- **Exercise prompt**
Reproduce exactly the lines from the one containing "20th century Native" through the last line of the records below, both included. Leave out any pictures.
**** The data ****
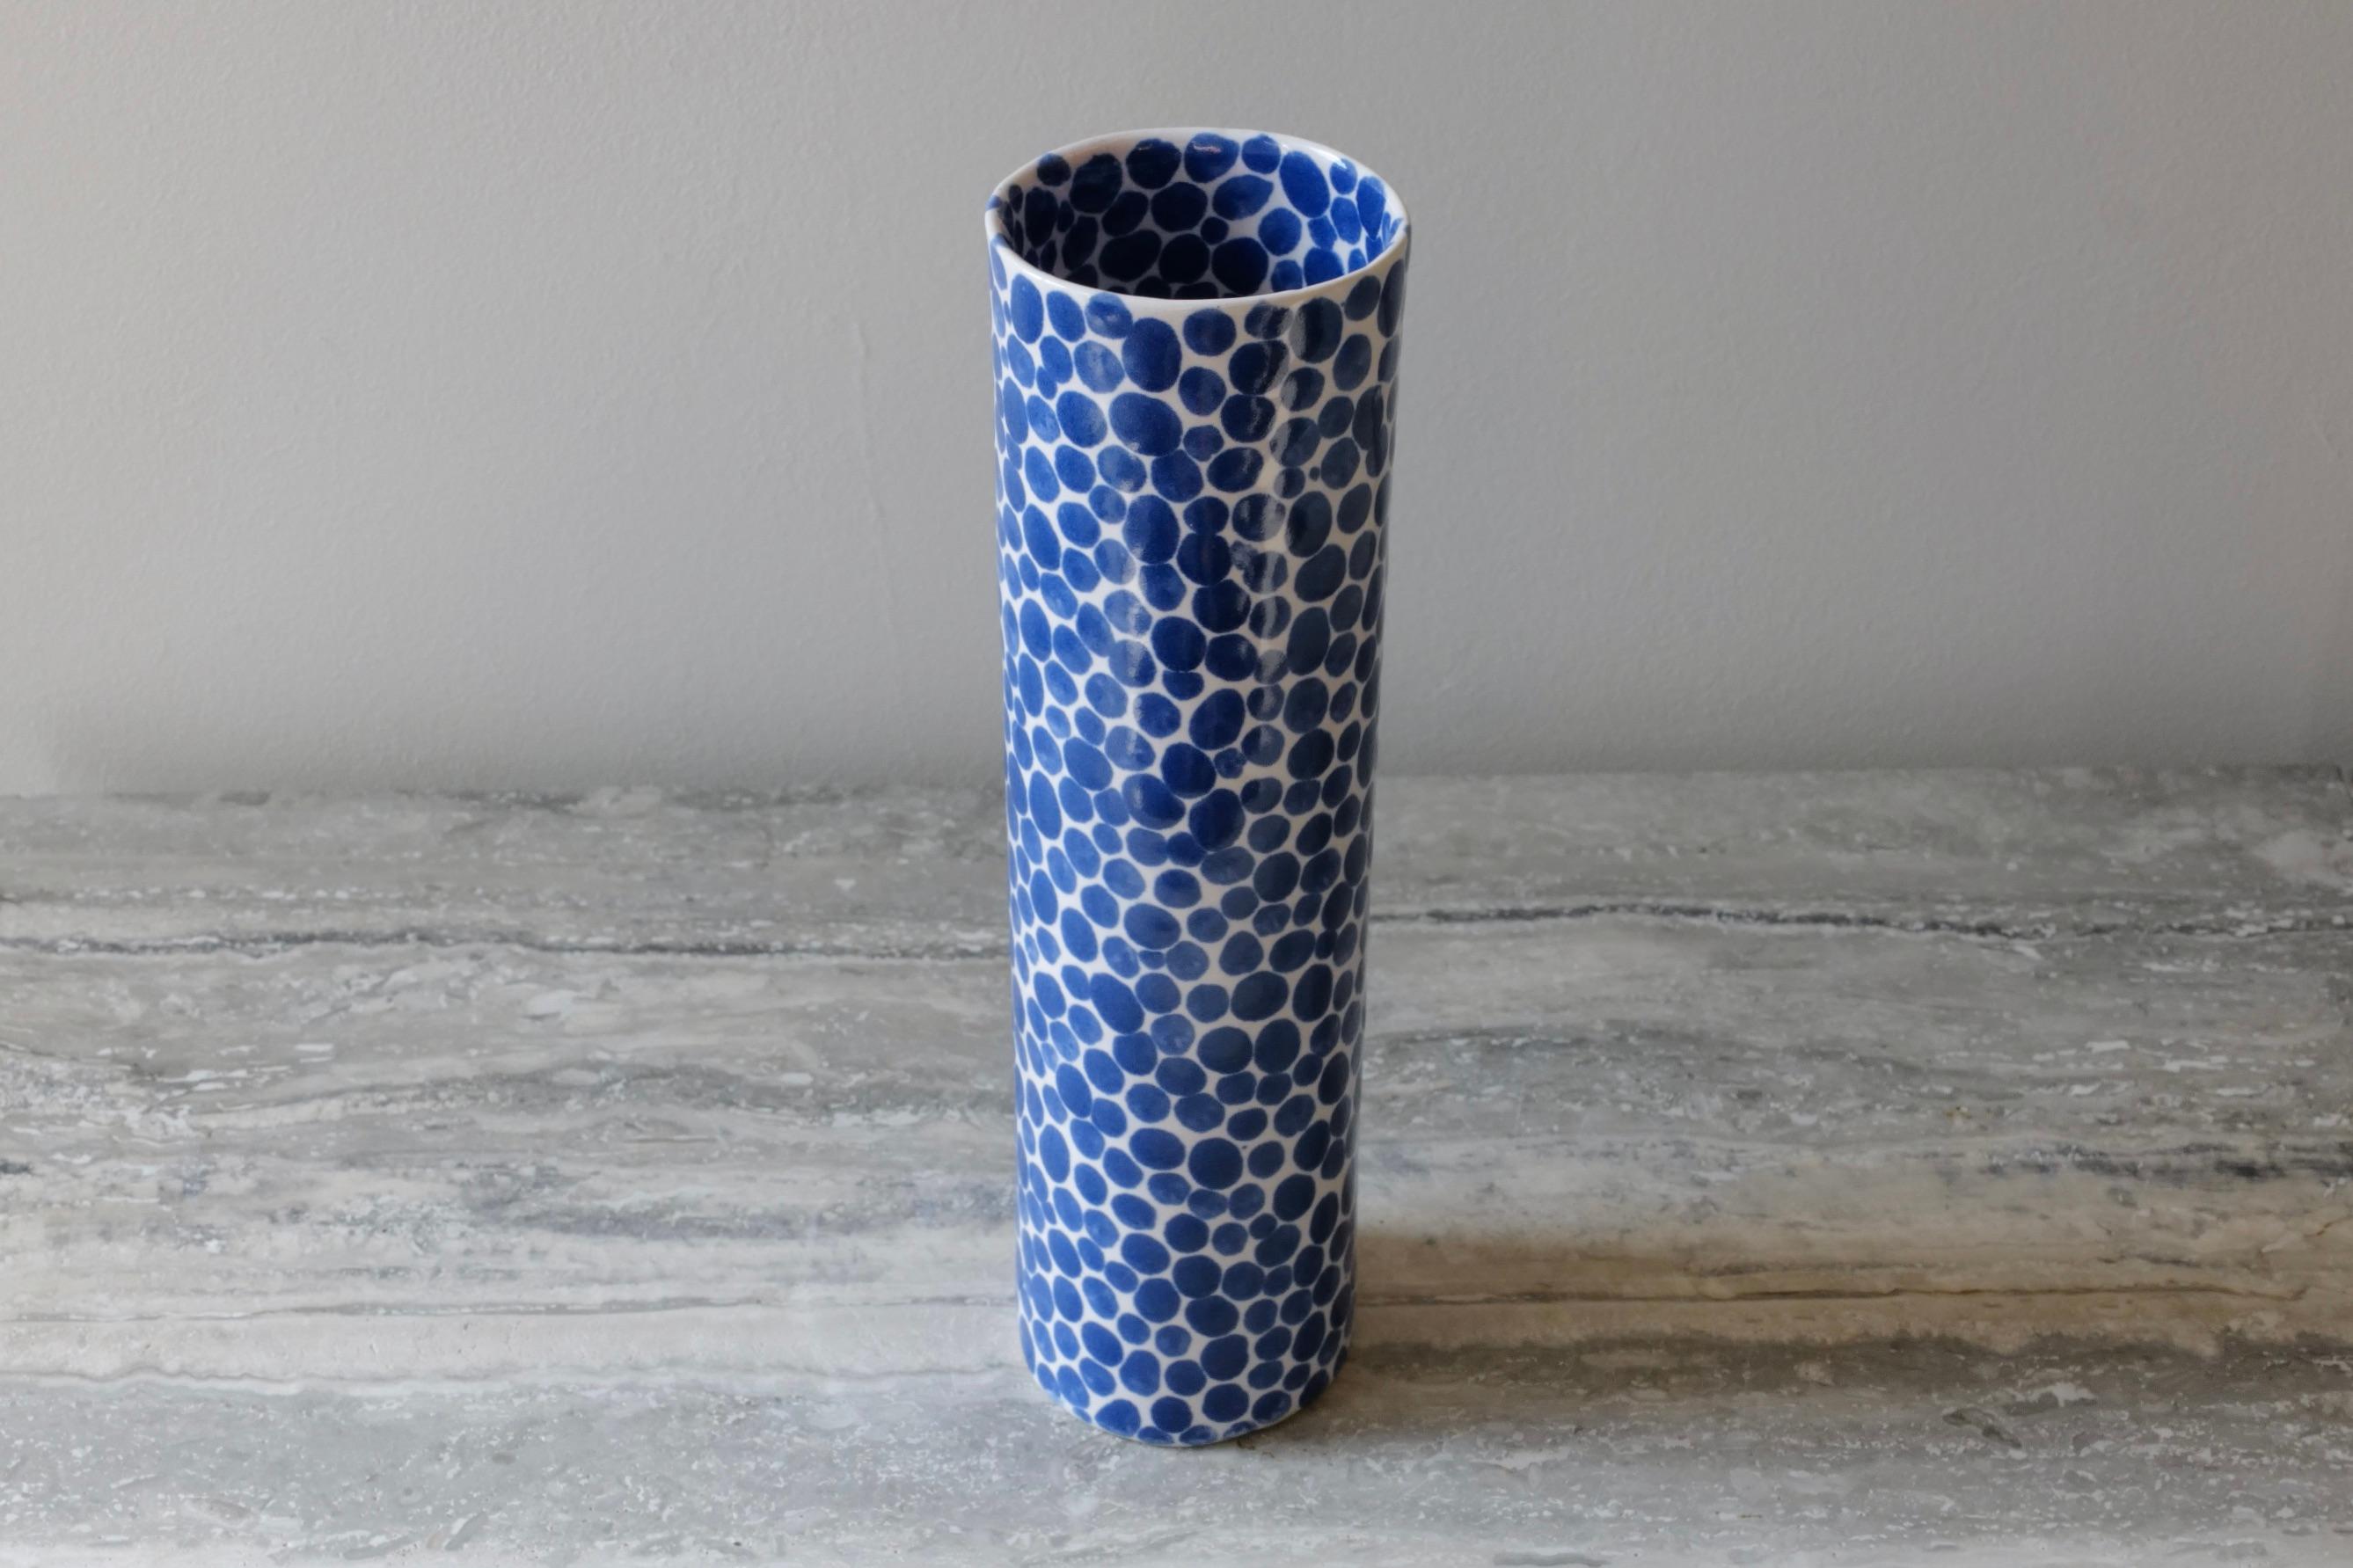 Tall, thin and elegant ceramic vase. Hand-cast in porcelain and once bisque fired, each dot is hand-painted with a traditional cobalt blue glaze. An unconventional layered glazing technique, developed by the artist, is used in these cast porcelain
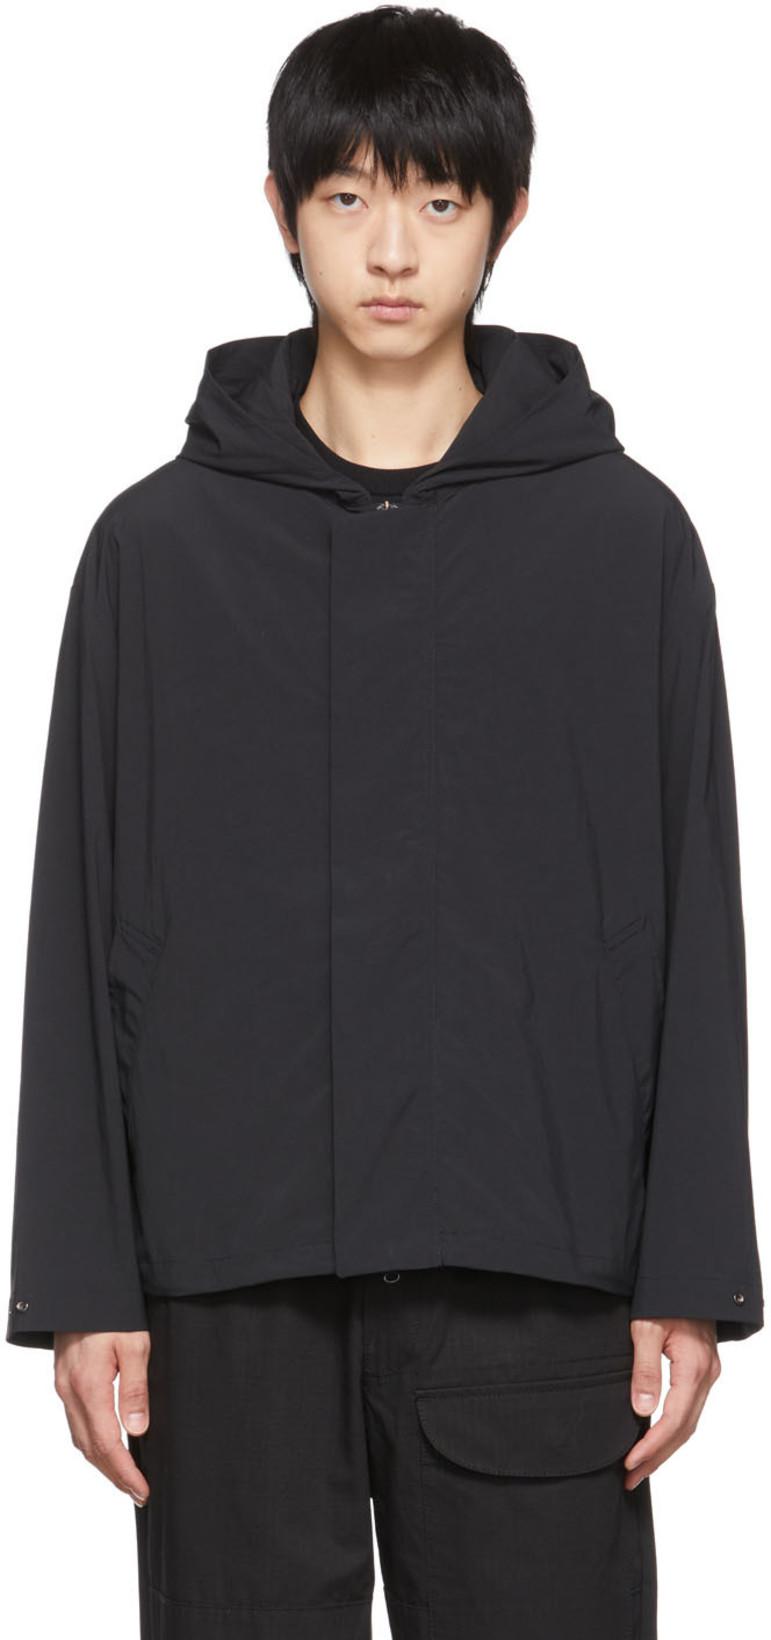 Black Polyester Jacket by DESCENTE A LL TE RR AI N
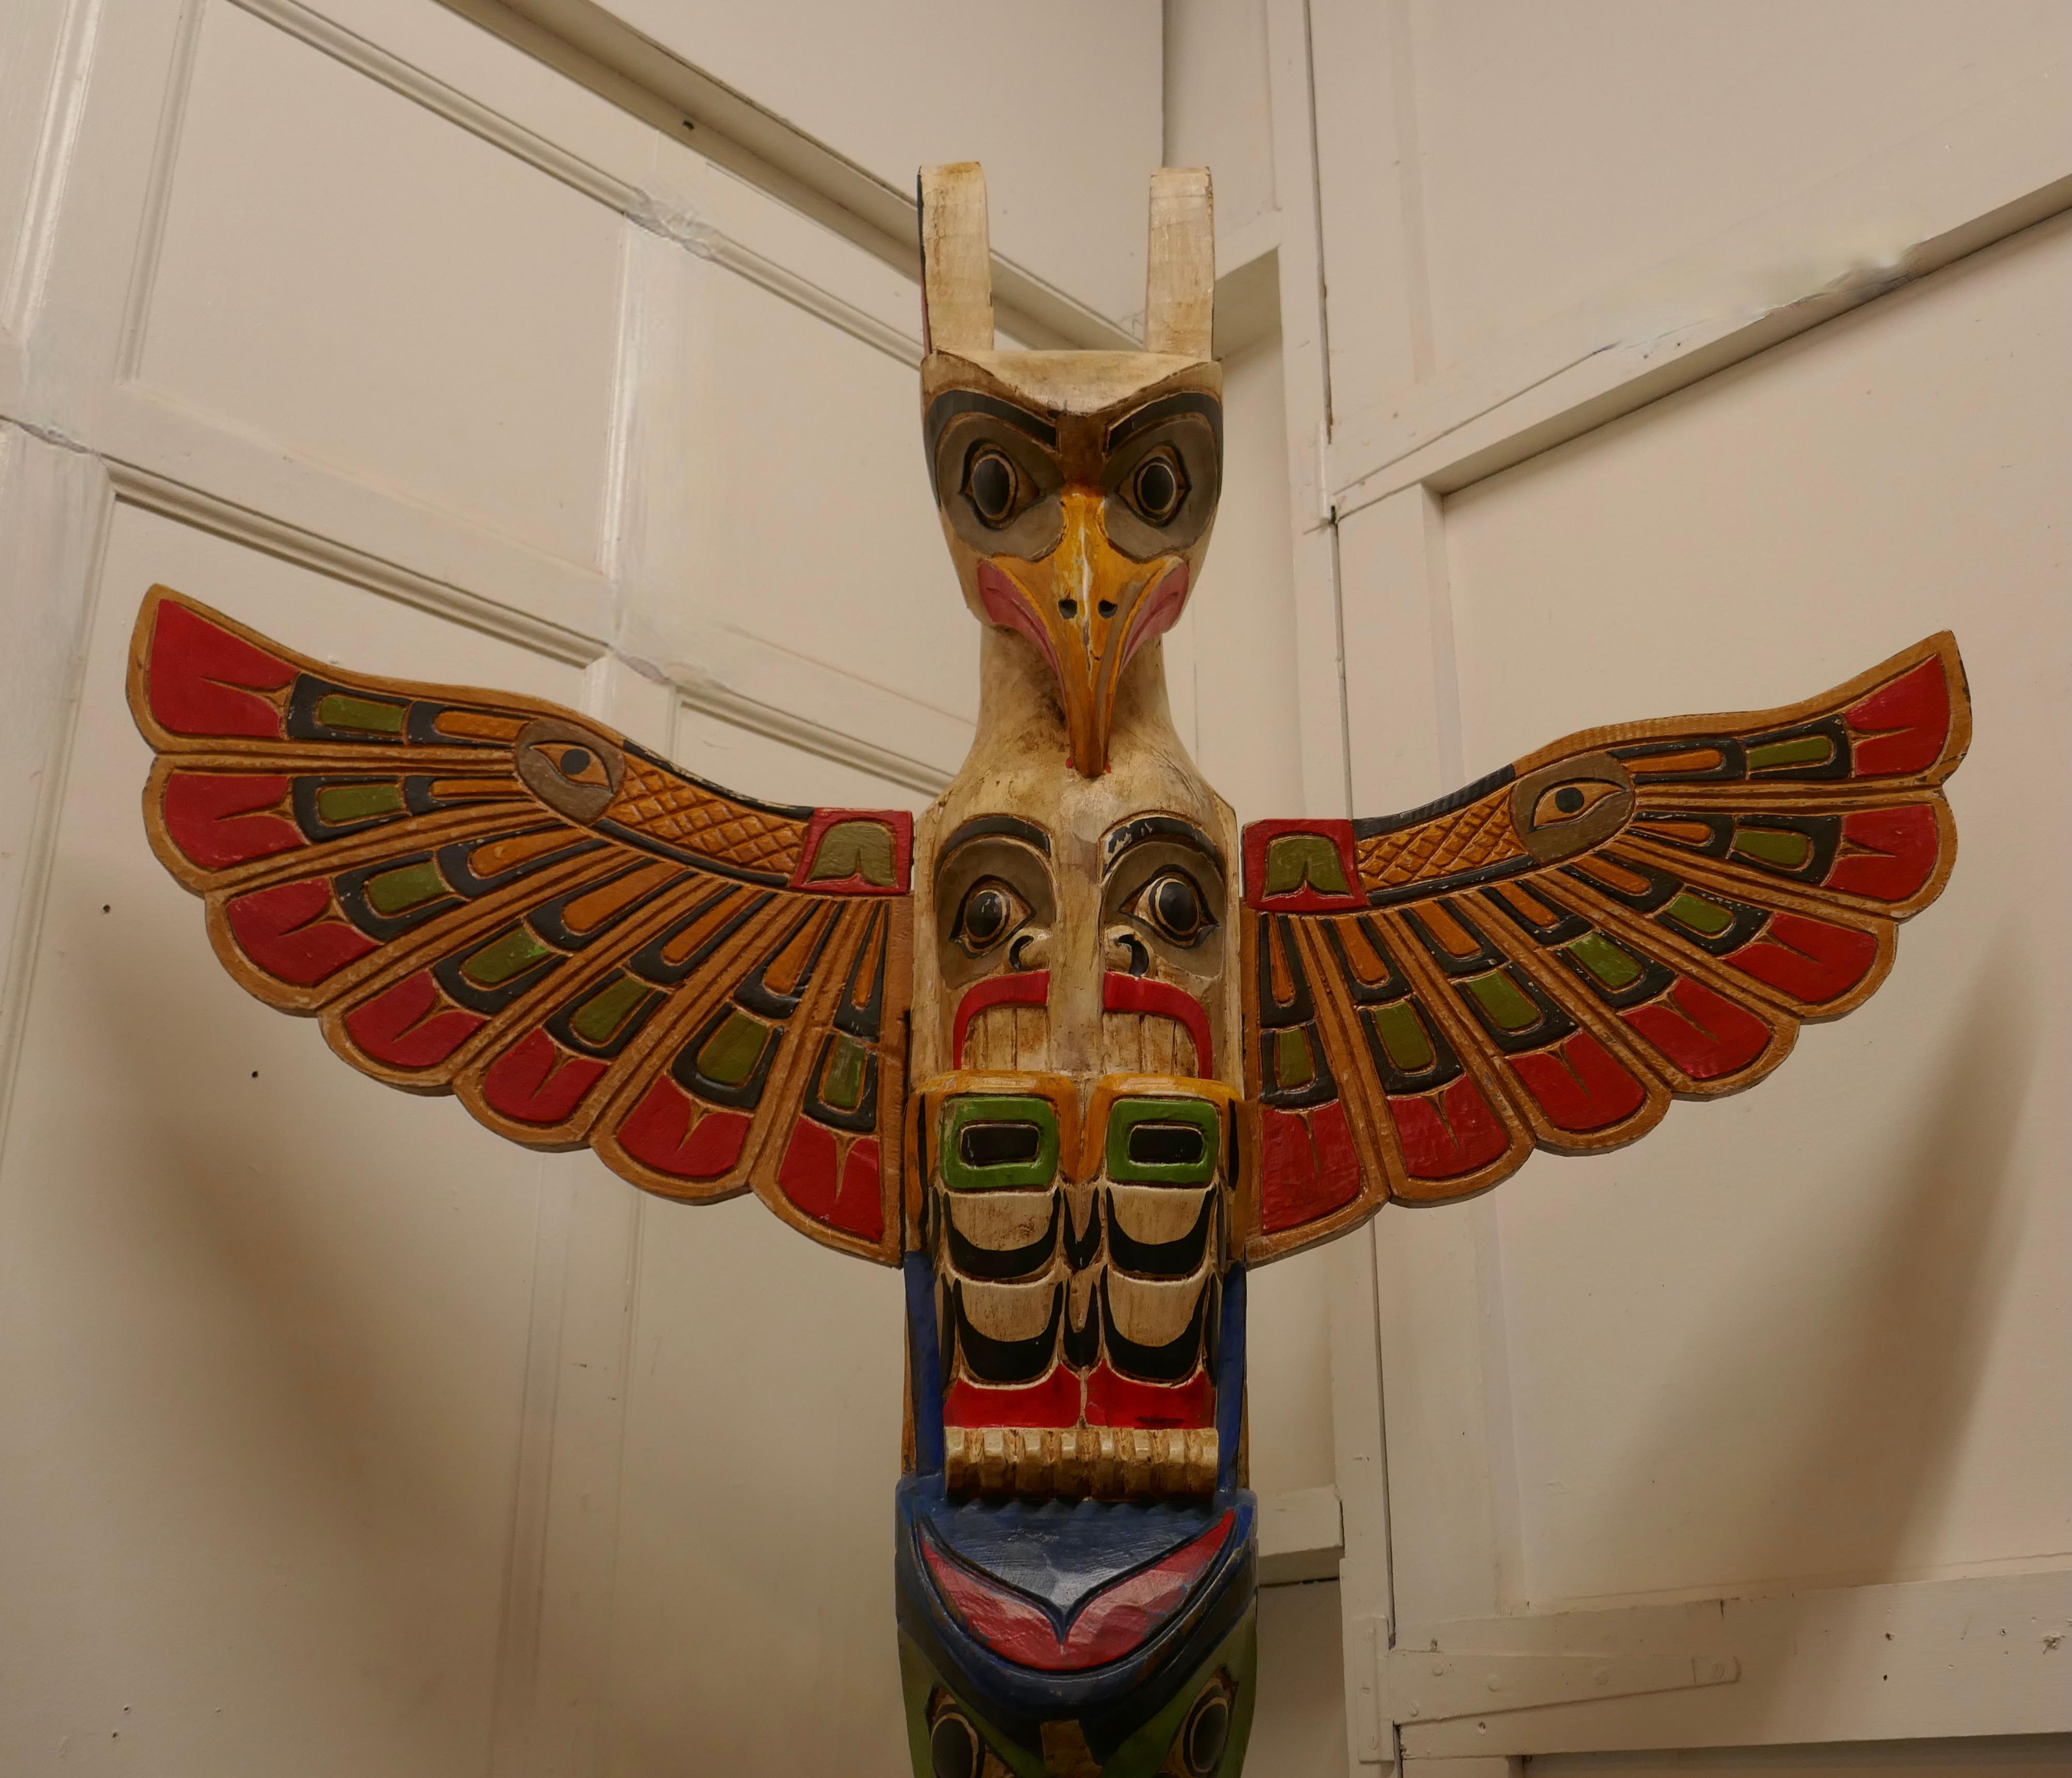 20th century Native American painted TOTEM pole

Over 6 feet tall a painted animal TOTEM. 
Animal totems are believed to have spiritual significance, watching over Pacific Northwest Indian tribes and families. 

This TOTEM features an eagle or
****
- **Exercise answer**
 20th century Native American painted TOTEM pole

Over 6 feet tall a painted animal TOTEM. 
Animal totems are believed to have spiritual significance, watching over Pacific Northwest Indian tribes and families. 

This TOTEM features an eagle or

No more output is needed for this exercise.